• **Activity**
Only one stretch of the records below should be repeated. It starts with the line containing "La resina può" and goes on through the line containing "Приправа Котани для рыбы 26г", exactly as written.

• **Data**
_ _ _ _

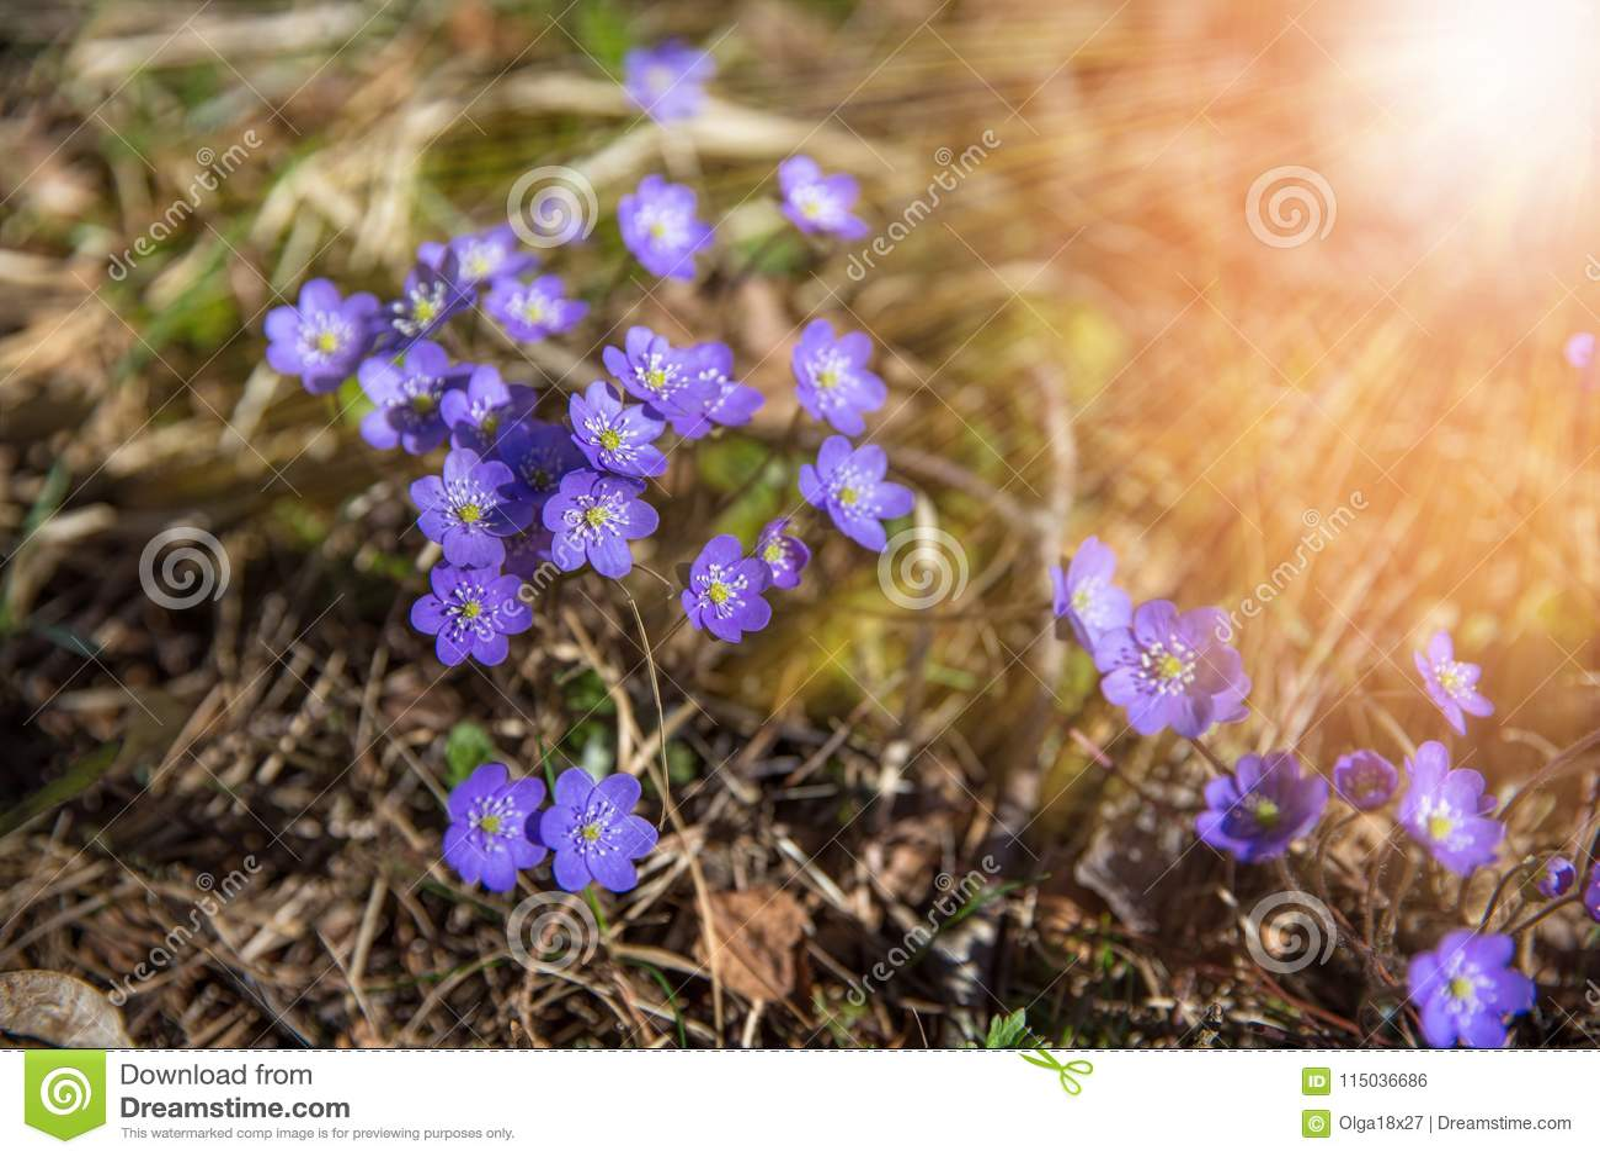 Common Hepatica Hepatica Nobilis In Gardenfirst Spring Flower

_ _ _ _

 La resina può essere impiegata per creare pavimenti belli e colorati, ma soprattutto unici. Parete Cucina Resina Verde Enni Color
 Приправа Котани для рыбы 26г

_ _ _ _

• **Final answer**
 La resina può essere impiegata per creare pavimenti belli e colorati, ma soprattutto unici. Parete Cucina Resina Verde Enni Color
 Приправа Котани для рыбы 26г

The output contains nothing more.